* [PROBLEM TO SOLVE]:
Output the data below exactly, without images.

* [DATA EXCERPT]:

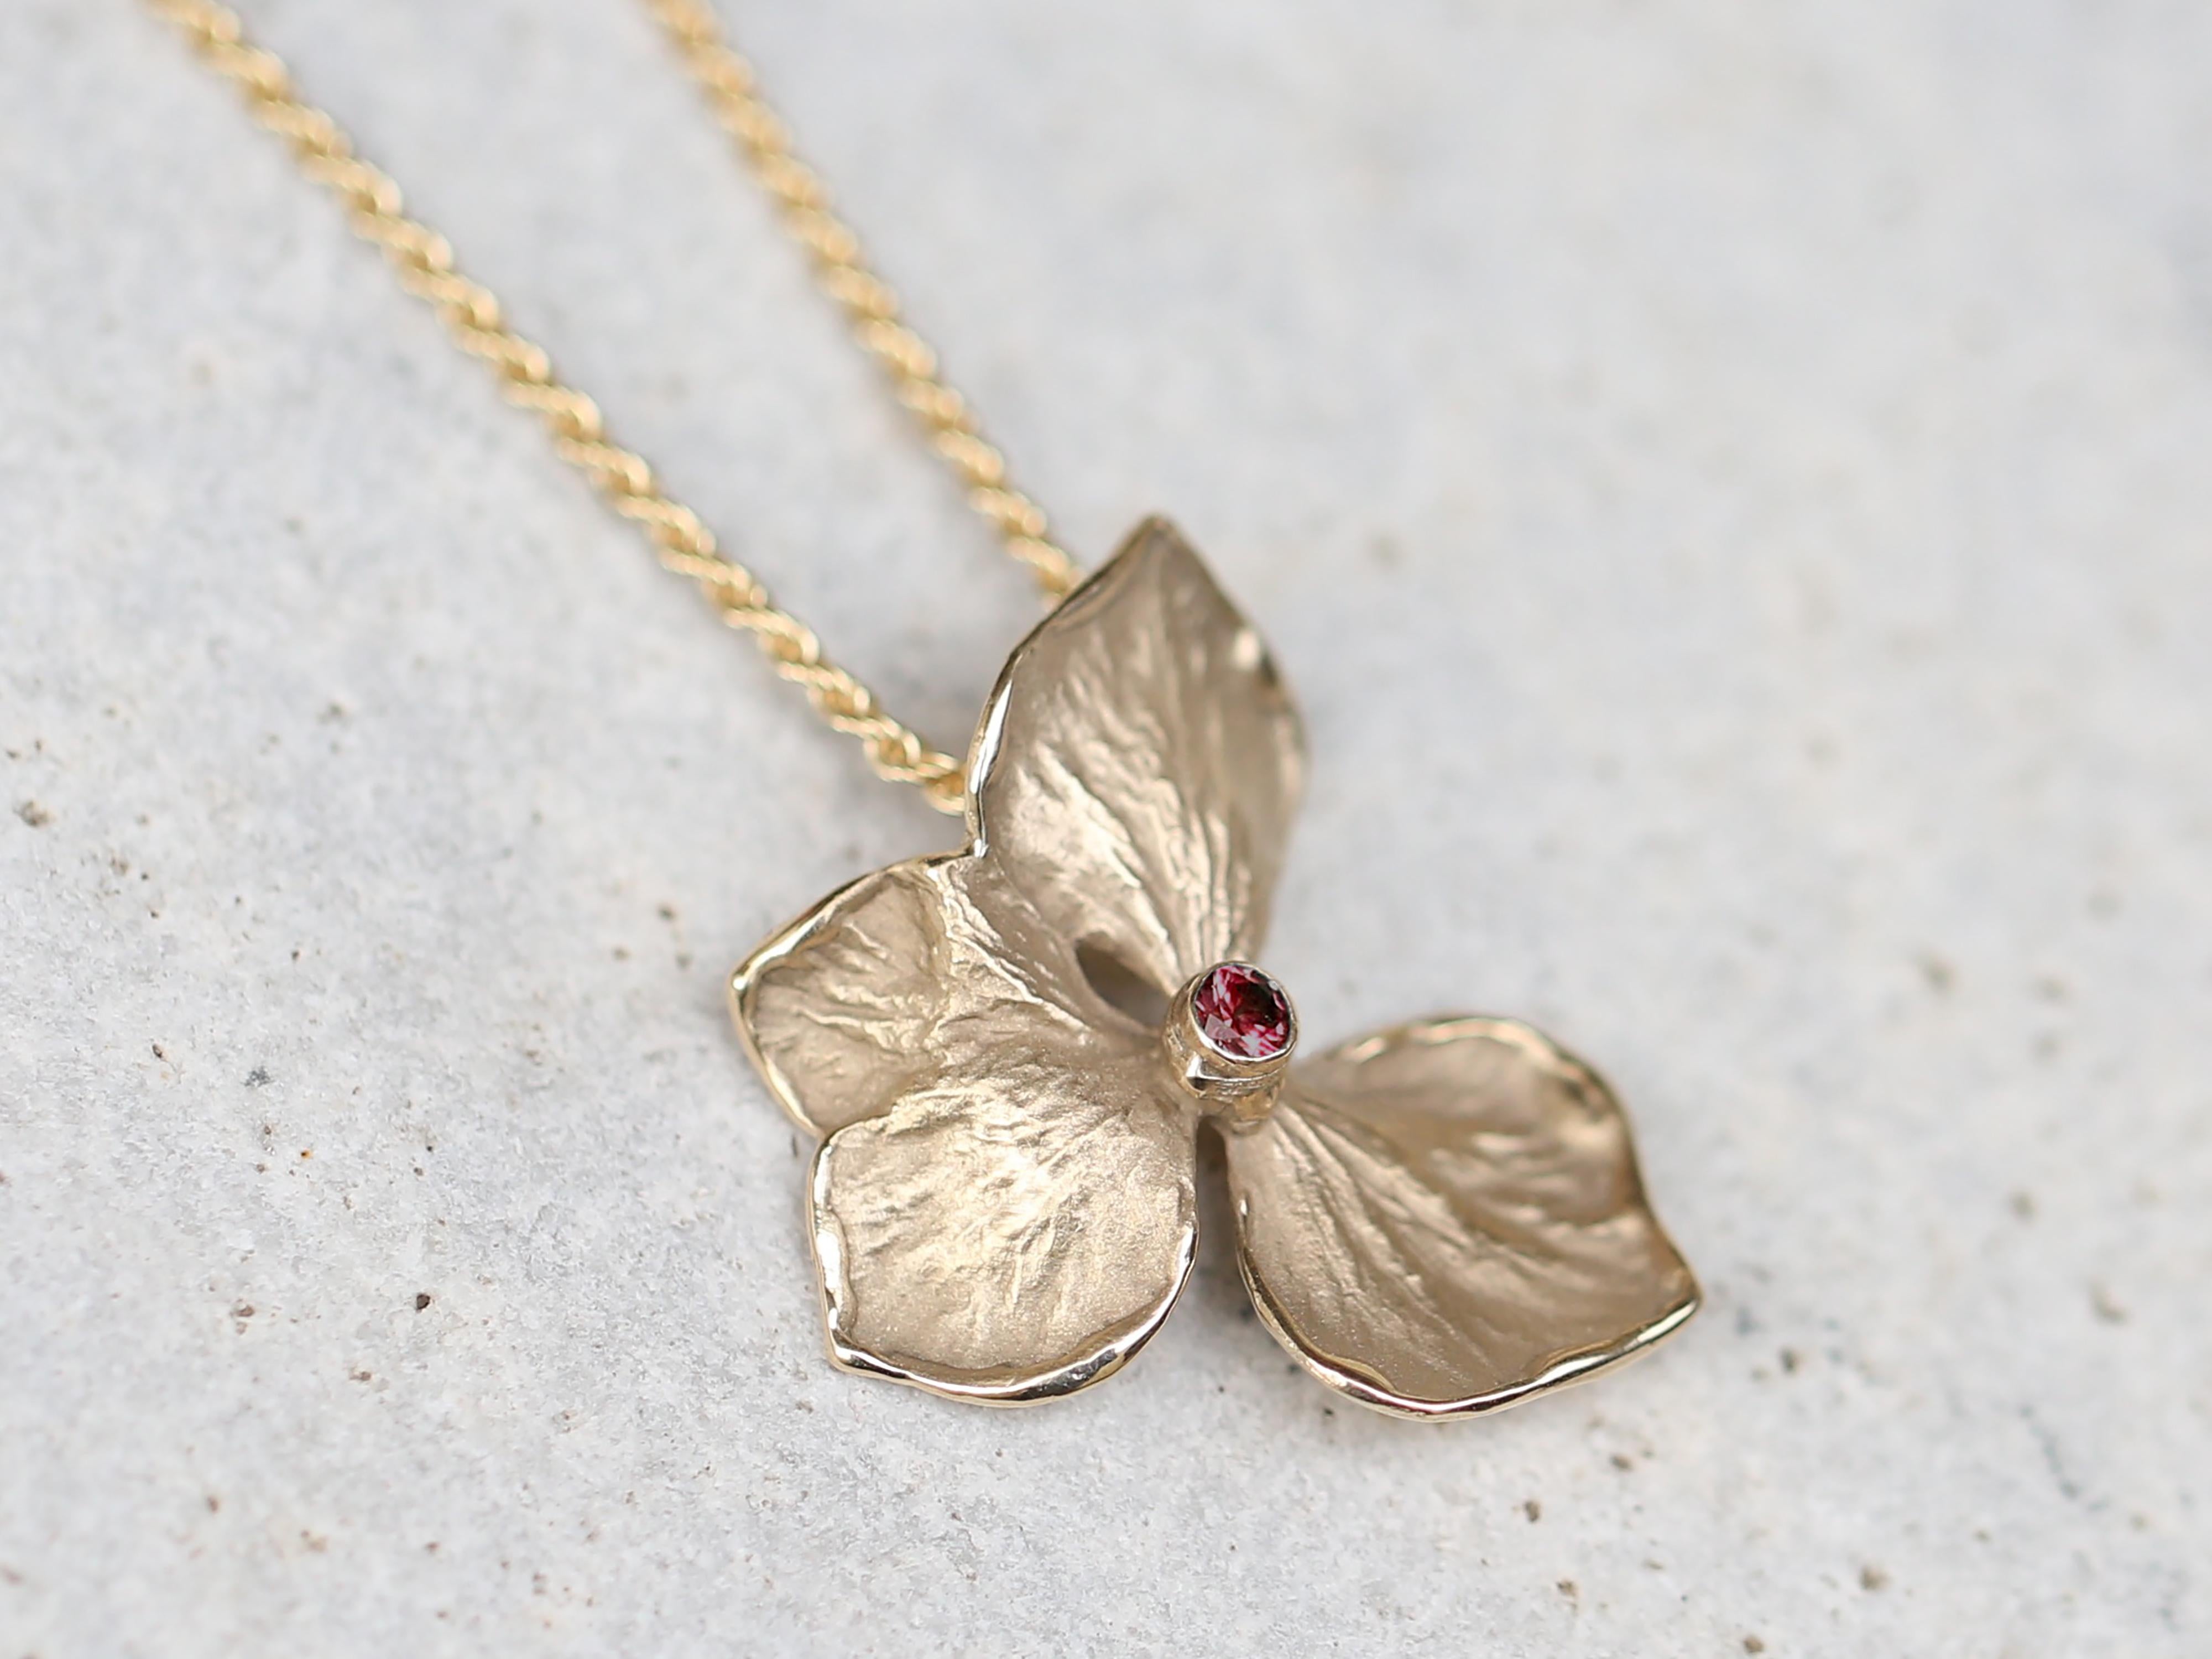 Brilliant Cut Hydrangea Flower Necklace, Solid 14k and 18k Yellow Gold, Ruby For Sale
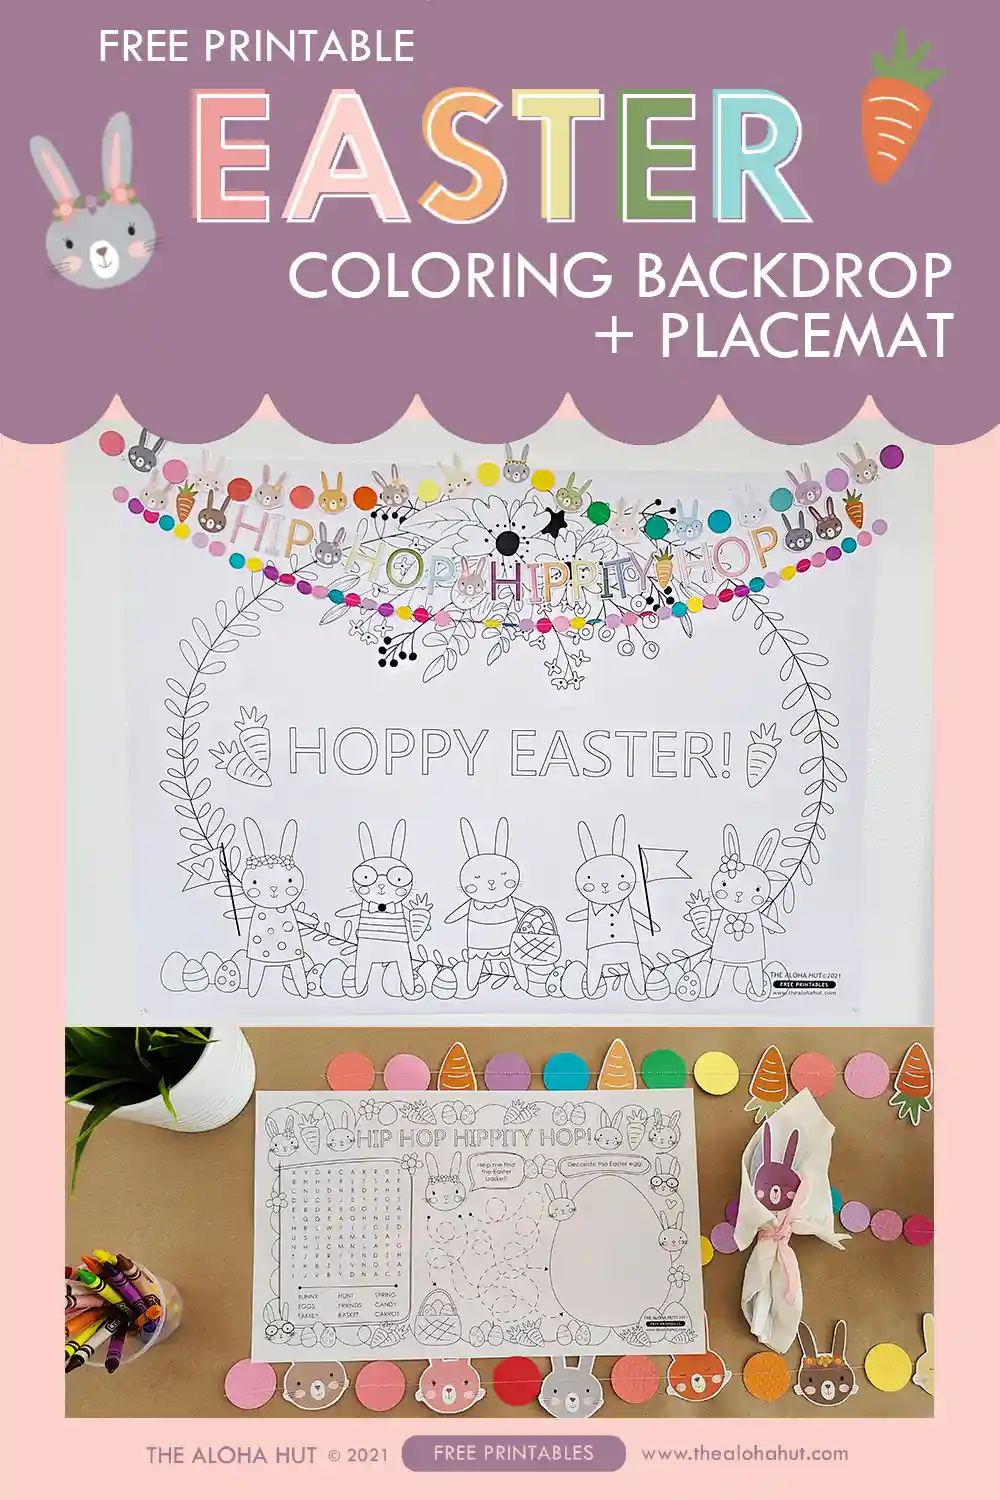 Printable giant Easter poster and Easter placemat coloring page and kids activity page to help you throw the perfect Easter brunch for your kids or for the whole family. Use the giant Easter coloring page as a backdrop for the kids table and then give each of the kids their own Easter activity coloring page and Easter placemat to color during the Easter meal.
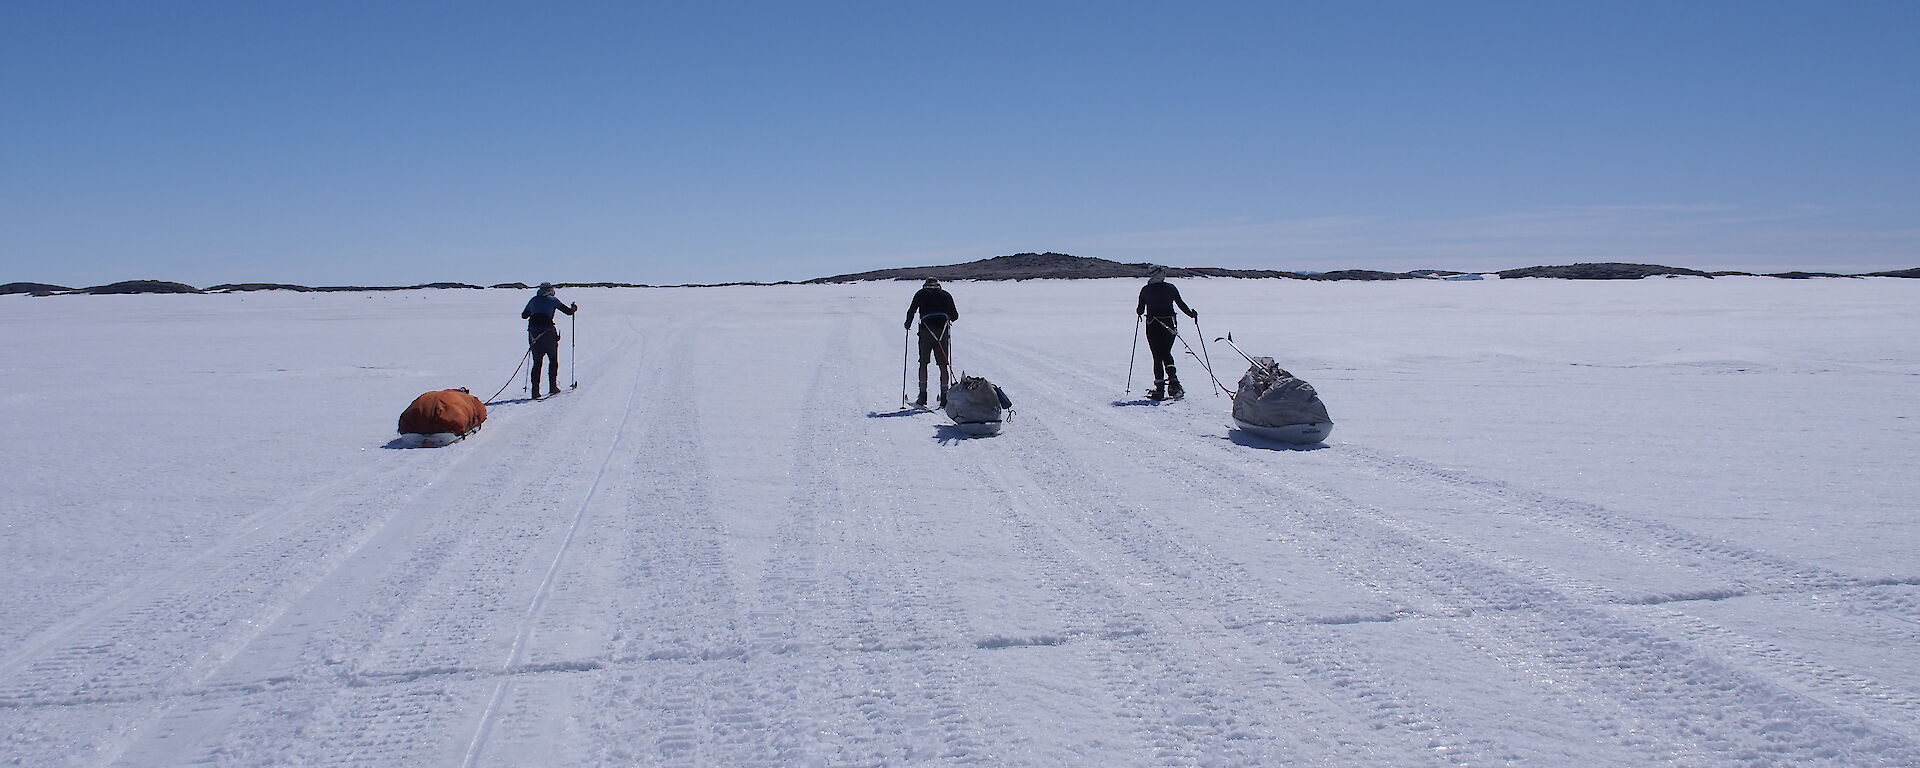 Three expeditioners pulling sleds of gear on the sea ice across to an island
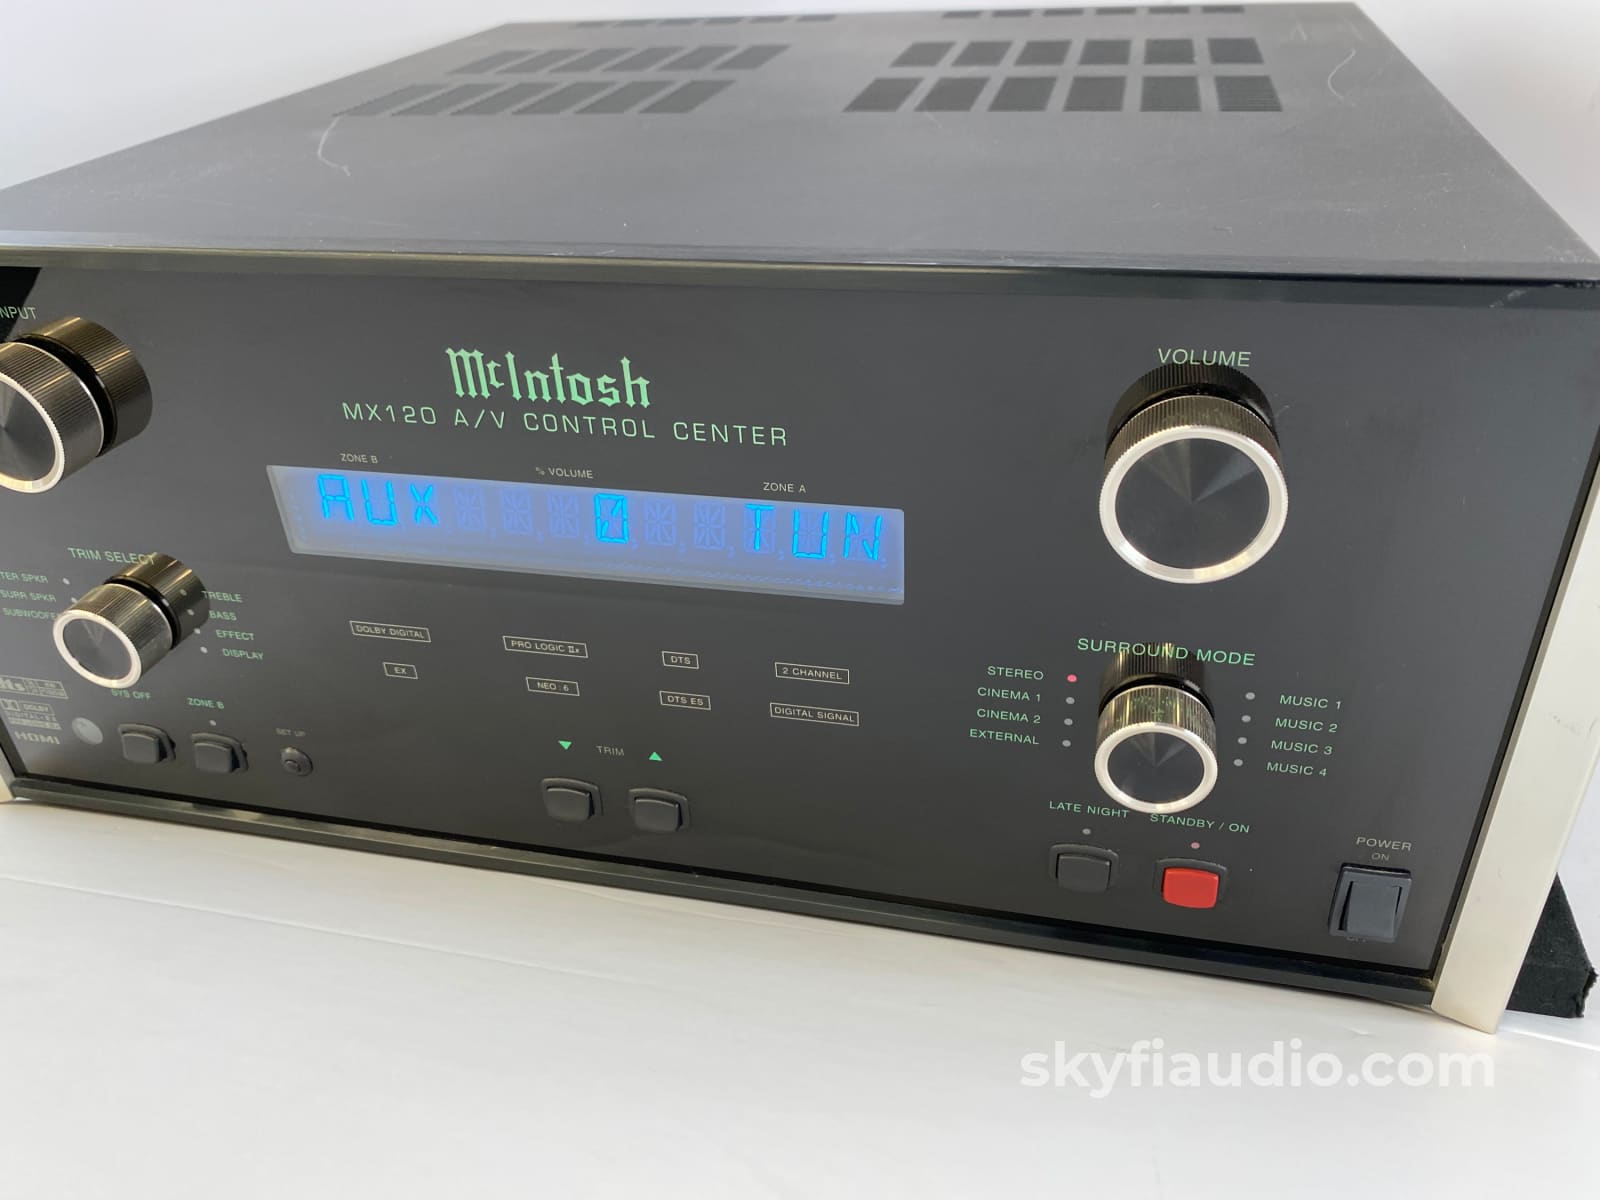 Mcintosh Mx120 Home Theater Processor W/Dolby Digital Dts-Hd Plus Phono Input Preamplifier

* [RESPONSE BOX]:
 Brilliant Cut Hydrangea Flower Necklace, Solid 14k and 18k Yellow Gold, Ruby For Sale
 Printable giant Easter poster and Easter placemat coloring page and kids activity page to help you throw the perfect Easter brunch for your kids or for the whole family. Use the giant Easter coloring page as a backdrop for the kids table and then give each of the kids their own Easter activity coloring page and Easter placemat to color during the Easter meal.
 Three expeditioners pulling sleds of gear on the sea ice across to an island
 Mcintosh Mx120 Home Theater Processor W/Dolby Digital Dts-Hd Plus Phono Input Preamplifier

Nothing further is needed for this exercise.